In my form, one may view $\mu$ as the summed over index in the first product on the left hand side and $\nu$ as the summed over index in the second product. So making a convention for a matrix $\Lambda$ so that its components are $\Lambda^\mu_\rho$ where $\rho$ is the row and $\mu$ is the column, the equation above is the matrix equation
$$ \Lambda \cdot g \cdot \Lambda^T = g $$
where $T$ means transposition. The matrix on the right hand side is nonsingular, i.e. it has a nonzero determinant, so the factors on the left hand side must also have a nonzero determinant i.e. be invertible.
A: Assume the Lorentz transformation $\Lambda$ is not invertible. Then it is in particular not injective and there exists $0\not=u\in\ker\Lambda$.
The inner product $g$ is nondegenerate so there's a vector $v$ with $g(u,v)\not=0$ and we end up with the contradiction
$$
0\not=g(u,v)=g(\Lambda u, \Lambda v)=g(0,\Lambda v)=0
$$
where we have used the fact that Lorentz transfomations leave the inner product invariant, which is exactly your starting equation.

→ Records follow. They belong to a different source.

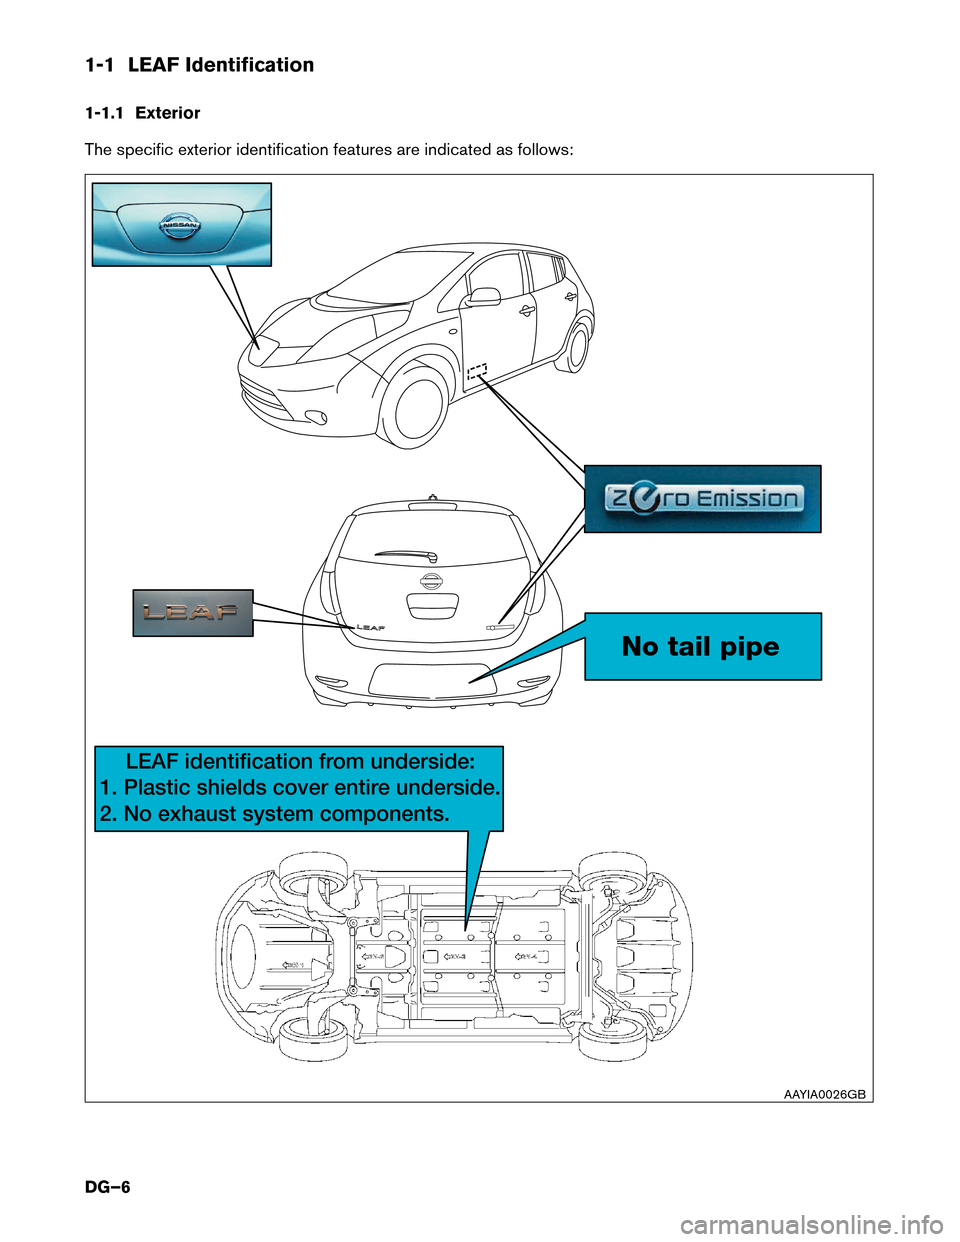 NISSAN LEAF 2016 1.G Dismantling Guide 1-1 LEAF Identification
1-1.1
Exterior
The specific exterior identification features are indicated as follows: No tail pipe
LEAF identification from underside:
1. Plastic shields cover entir
 e under

A: $$g_{uv}\Lambda^u_{p}\Lambda^v_\sigma=g_{p\sigma} \Longleftrightarrow \Lambda^Tg\Lambda=g$$
where g is the matrix whose entries are $g_{uv}$
$$
\det(\Lambda^Tg\Lambda)=\det(g)
$$
$$
\det(\Lambda^T)\det(g)\det(\Lambda)=\det(g)
$$
Obviously, $\det(g)\neq0$ and $\det(\Lambda^T)=\det(\Lambda)$
Then $$\det(\Lambda)^2=1$$
Since $\det(\Lambda)$ never vanishes, the matrix $\Lambda$ is always invertible.

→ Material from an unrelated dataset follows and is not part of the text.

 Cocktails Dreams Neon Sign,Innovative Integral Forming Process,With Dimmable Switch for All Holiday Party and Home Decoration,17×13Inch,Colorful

A: I have come up with the following proof:
Begin with the relationship,
$g_{vu}\Lambda^u_{p}\Lambda^v_\sigma = g_{p\sigma}$
Which is the same as,
$\Lambda_{pv}\Lambda^v_\sigma = g_{p\sigma}$
Now multiply both sides of the equation by $g^{ap}$ to yield,
$g^{ap}\Lambda_{pv}\Lambda^v_\sigma = g^{ap}g_{p\sigma}$
This simplifies to:
$\Lambda^a_{v}\Lambda^v_\sigma = \delta^a_\sigma$
Also, we know that
$(\Lambda_v^a)^{-1}\Lambda^v_\sigma = \delta^a_\sigma$   By definition of inverse.
Therefore,
$(\Lambda_v^a)^{-1} = \Lambda^a_{v}$